Ancient human remains found at Freeland job site

An expert with the state Department of Archaeology and Historic Preservation was in Freeland on Tuesday examining ancient human remains discovered at a home construction site. The bones were found late last week by men digging a septic system at a new home near Robinson Beach on Mutiny Bay. Workers called police and Island County Coroner Robert Bishop was dispatched. He later confirmed the bones were both human and old.

Human remains found at a construction site in Freeland last week sit covered by a tarp Monday in wait of a state expert from the Department of Archaeology and Historic Preservation. The expert was set to examine the bones Tuesday.

An expert with the state Department of Archaeology and Historic Preservation was in Freeland on Tuesday examining ancient human remains discovered at a home construction site.

The bones were found late last week by men digging a septic system at a new home near Robinson Beach on Mutiny Bay. Workers called police and Island County Coroner Robert Bishop was dispatched. He later confirmed the bones were both human and old.

“They’re prehistoric,” Bishop said.

Some animal bones may be mixed in, but the human remains may be Native American, he said. That determination, however, is the purview of state experts with the historic preservation office and the case was officially turned over to them, Bishop said.

Guy Tasa, the state physical anthropologist with the agency, confirmed he would examine the bones at the job site on Tuesday morning, but declined to provide details of just what he would look for to determine their origin.

“I won’t really know until I get there,” Tasa said.

Attempts to reach the agency’s director for more information Monday were unsuccessful.

The remains were unearthed early Friday, Aug. 28, by South Whidbey-based Mason V Strevel Construction.

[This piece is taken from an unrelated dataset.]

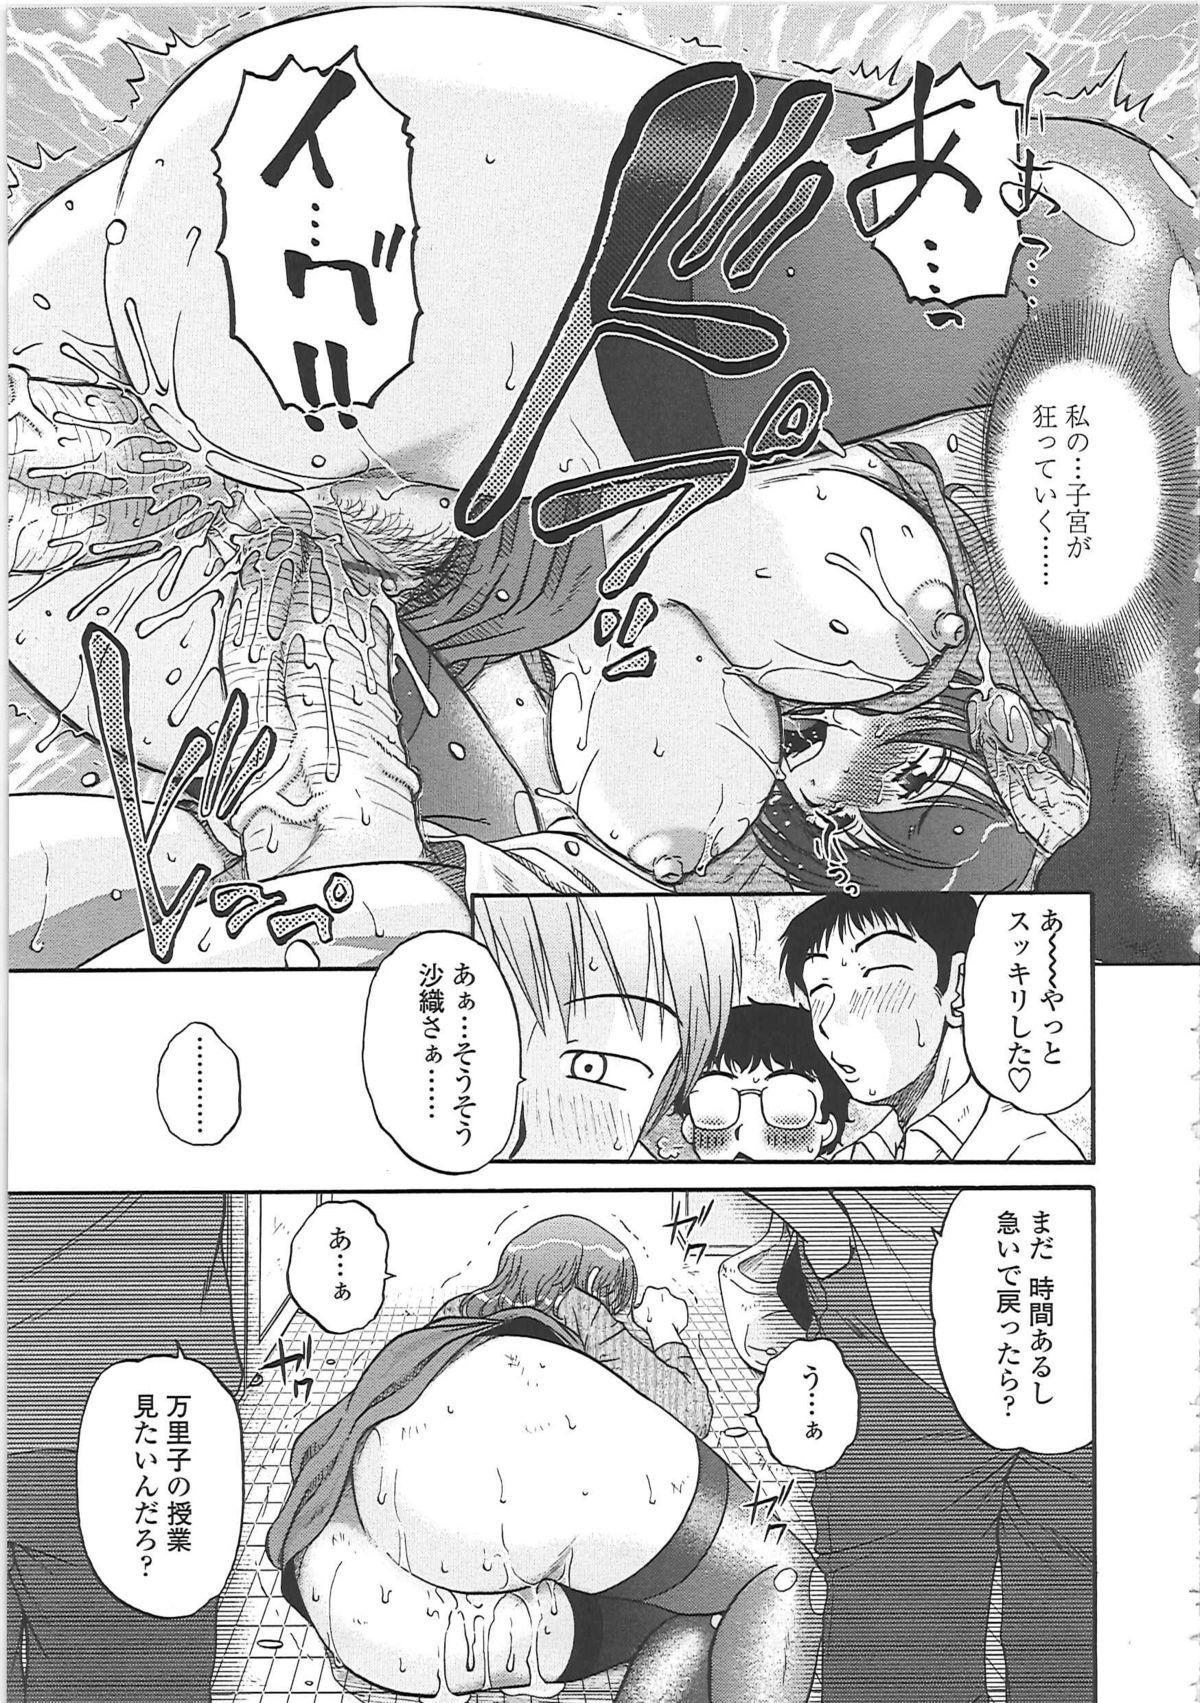 Nikuzuma Tsuushin - Erotic Wife Communication 129

Company owner Mason Strevel said this was the first time he’s found human bones in 20 years of work on the island but that it was immediately clear what they were.

“We went, ‘Oh boy, shut her down,’ ” Strevel said. “Once we saw the round part of the skull, there was really no doubt what it was.”

News of the discovery filtered around the South End over the weekend, leading to lots of speculation. Strevel said he’d already heard one rumor that a small hole in what appears to be part of a skull was the result of a gun shot.

Bishops said he could made no definitive conclusions other than that indicators, such as the color of the remains, made it clear they were very old.

If the bones turn out to be Native American, it will spark a process that involves at the very least informing relevant tribes of their discovery. Strevel said they are keeping busy with work in the house but hopes the delay won’t be too long.